### [Required work]
The line containing "10000 Intis, 1988, Peru" marks the start; extract exactly from it through the last line of the entries, and omit any pictures.

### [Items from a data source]
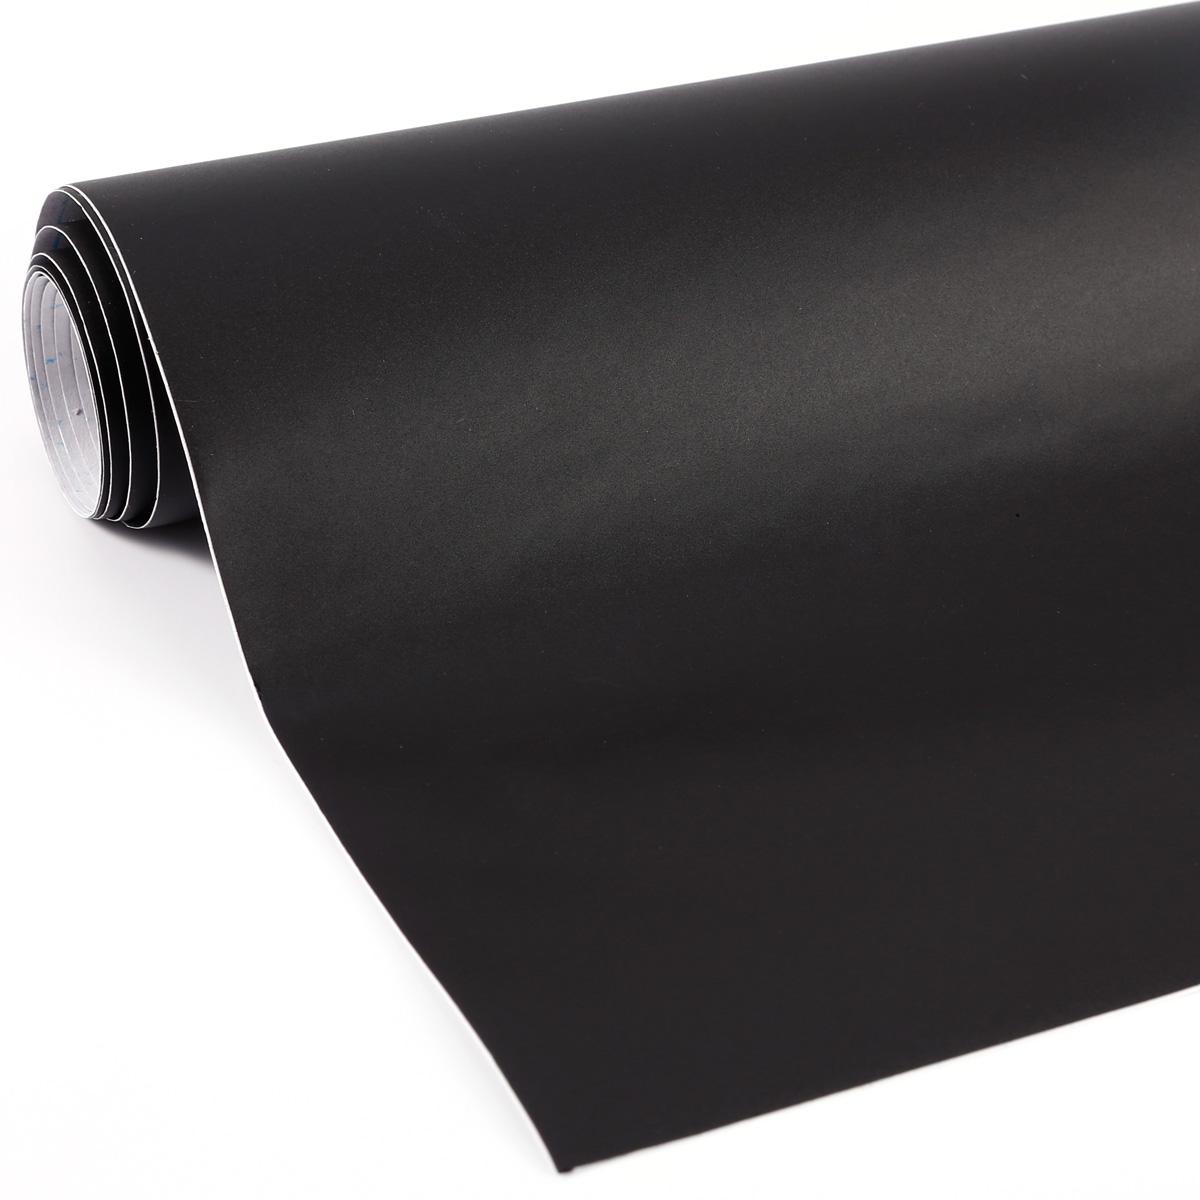 selbstklebende tafelfolie kreidefolie zum beschreiben inkl. Black Bedroom Furniture Sets. Home Design Ideas
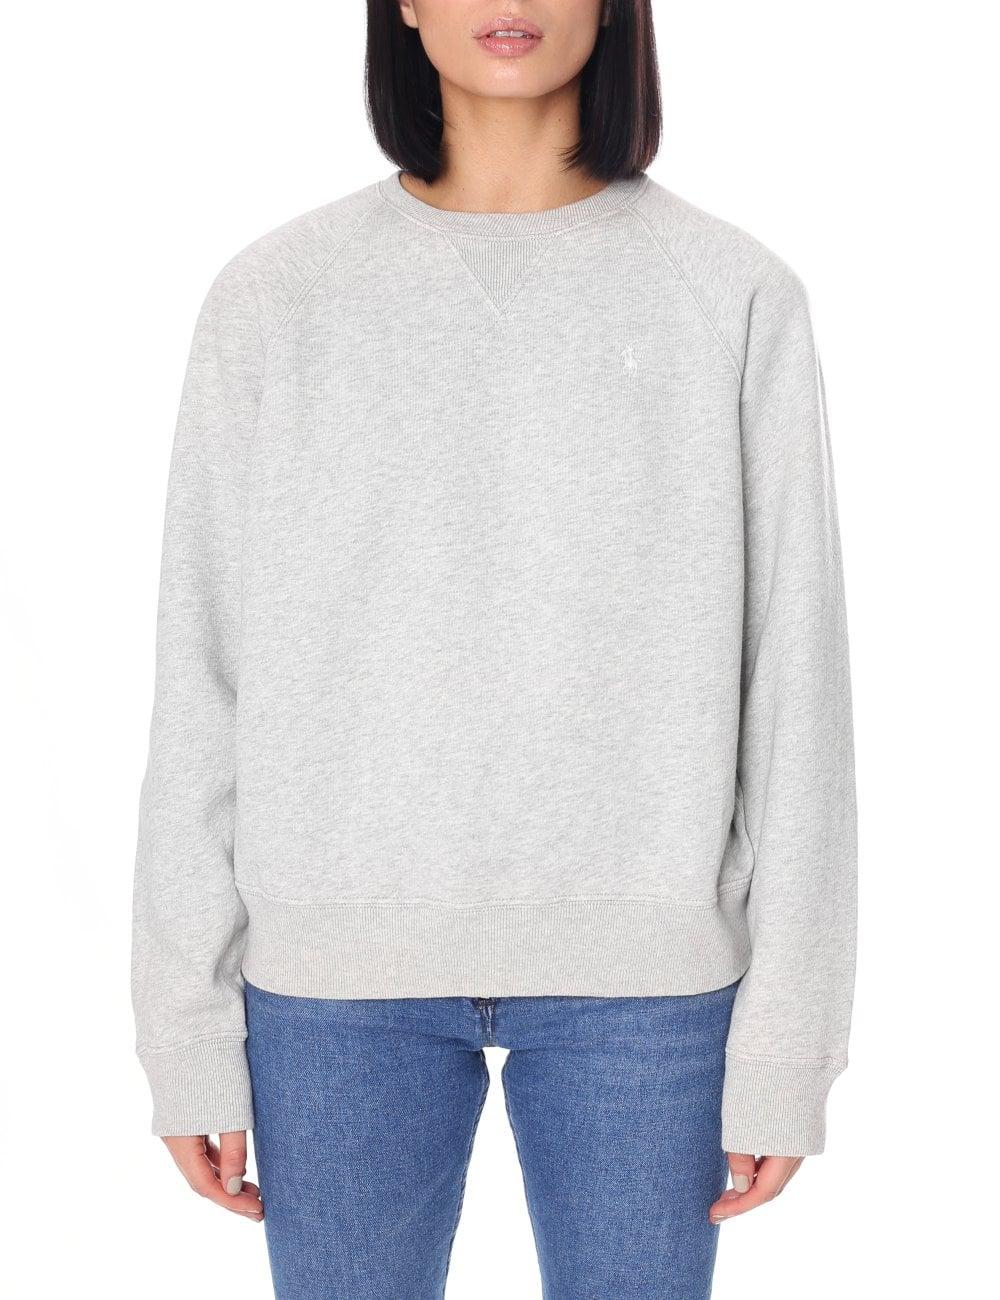 Crew Women's Ralph Lauren Sweatshirt Polo Neck kiPXZu
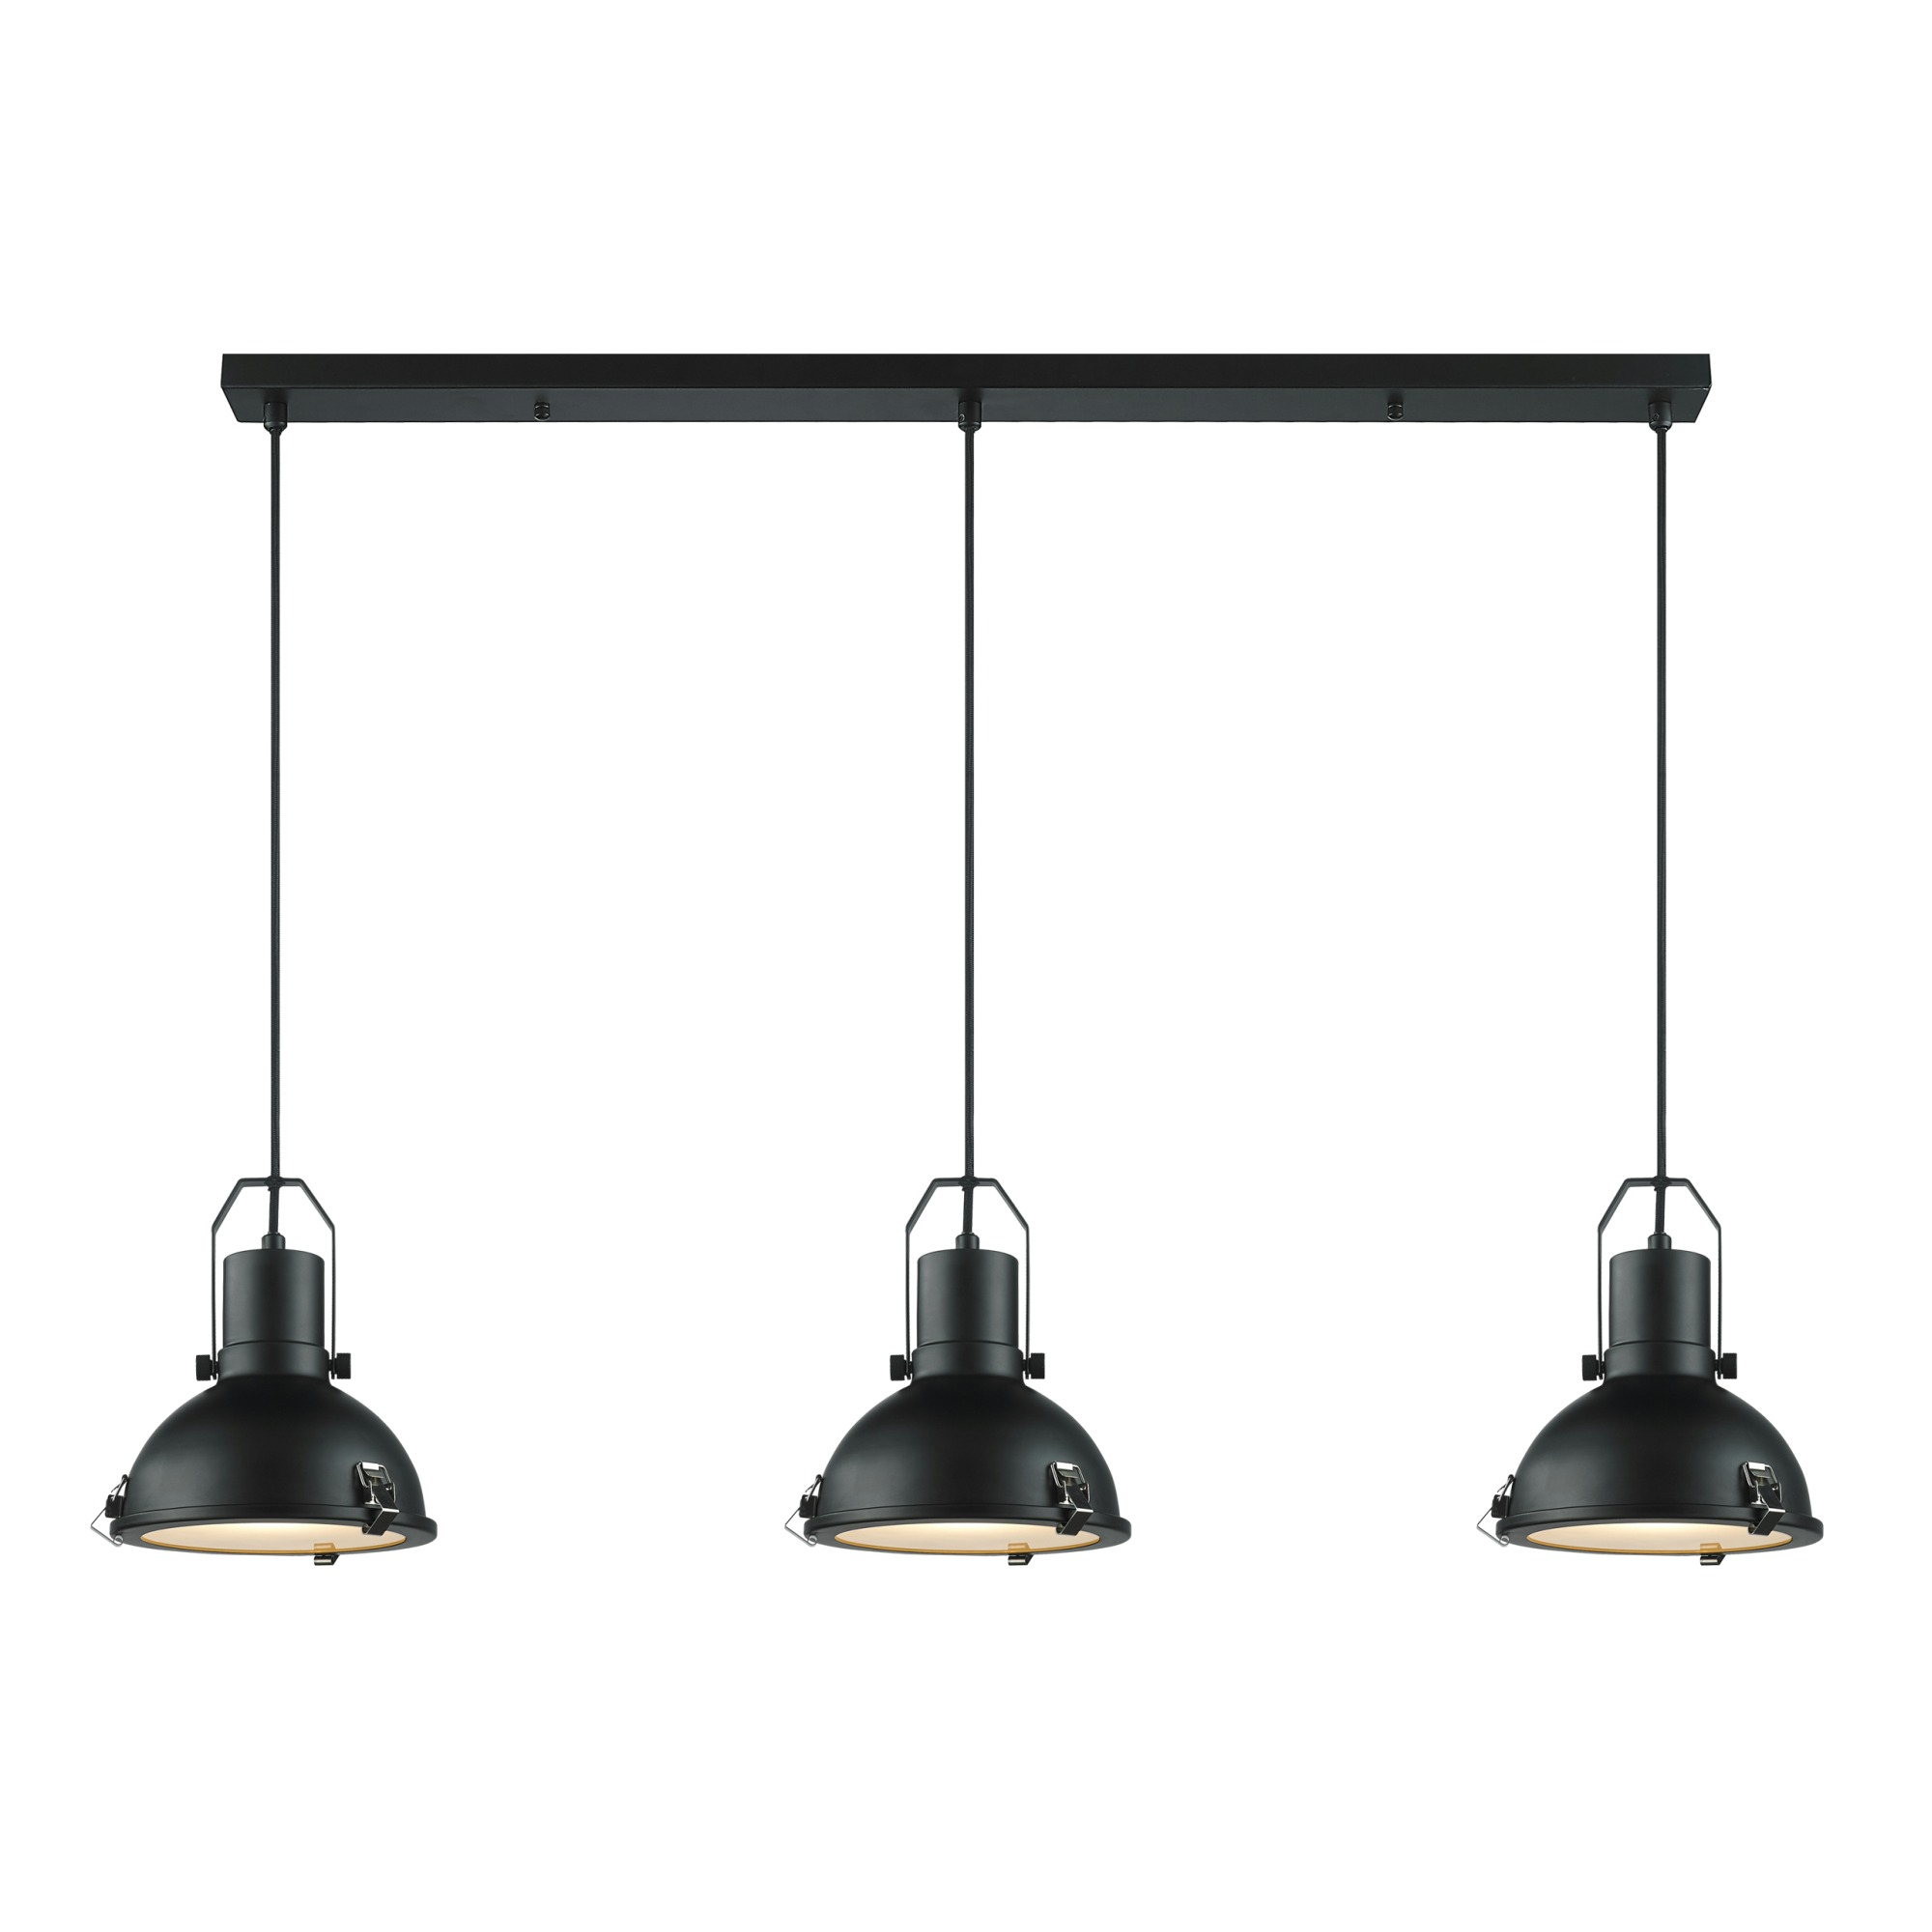 Karwei hanglamp magnus zwart hanglampen verlichting for Kleine industriele hanglamp
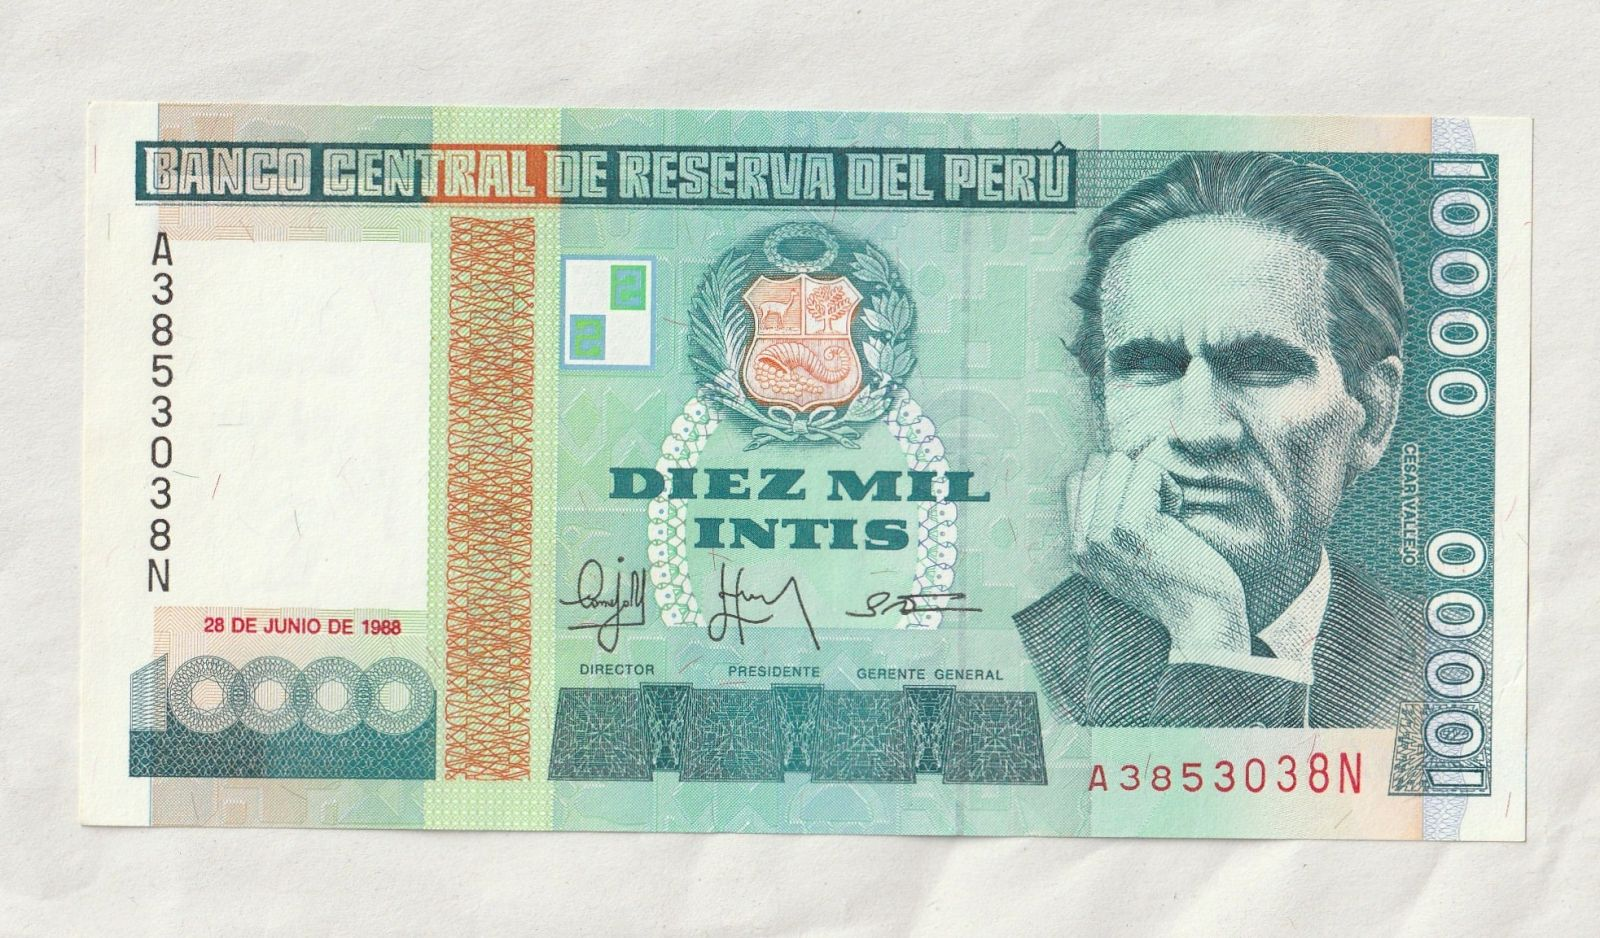 10000 Intis, 1988, Peru
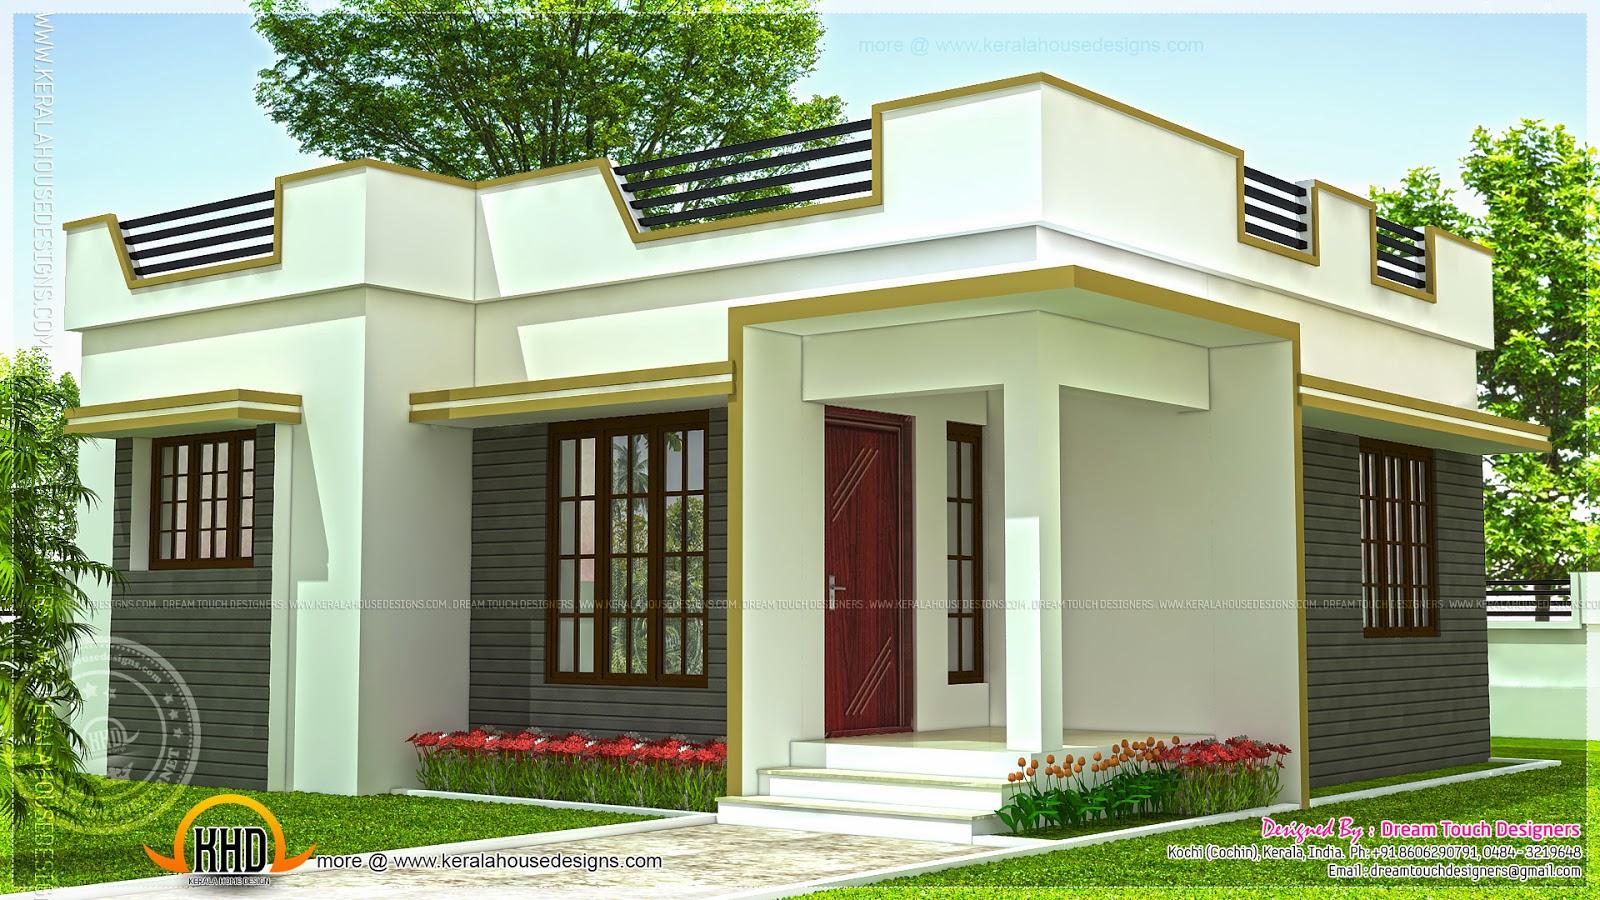 Small House In Kerala In 640 Square Feet  Kerala Home

### [Response to this exercise]
 10000 Intis, 1988, Peru
 Small House In Kerala In 640 Square Feet  Kerala Home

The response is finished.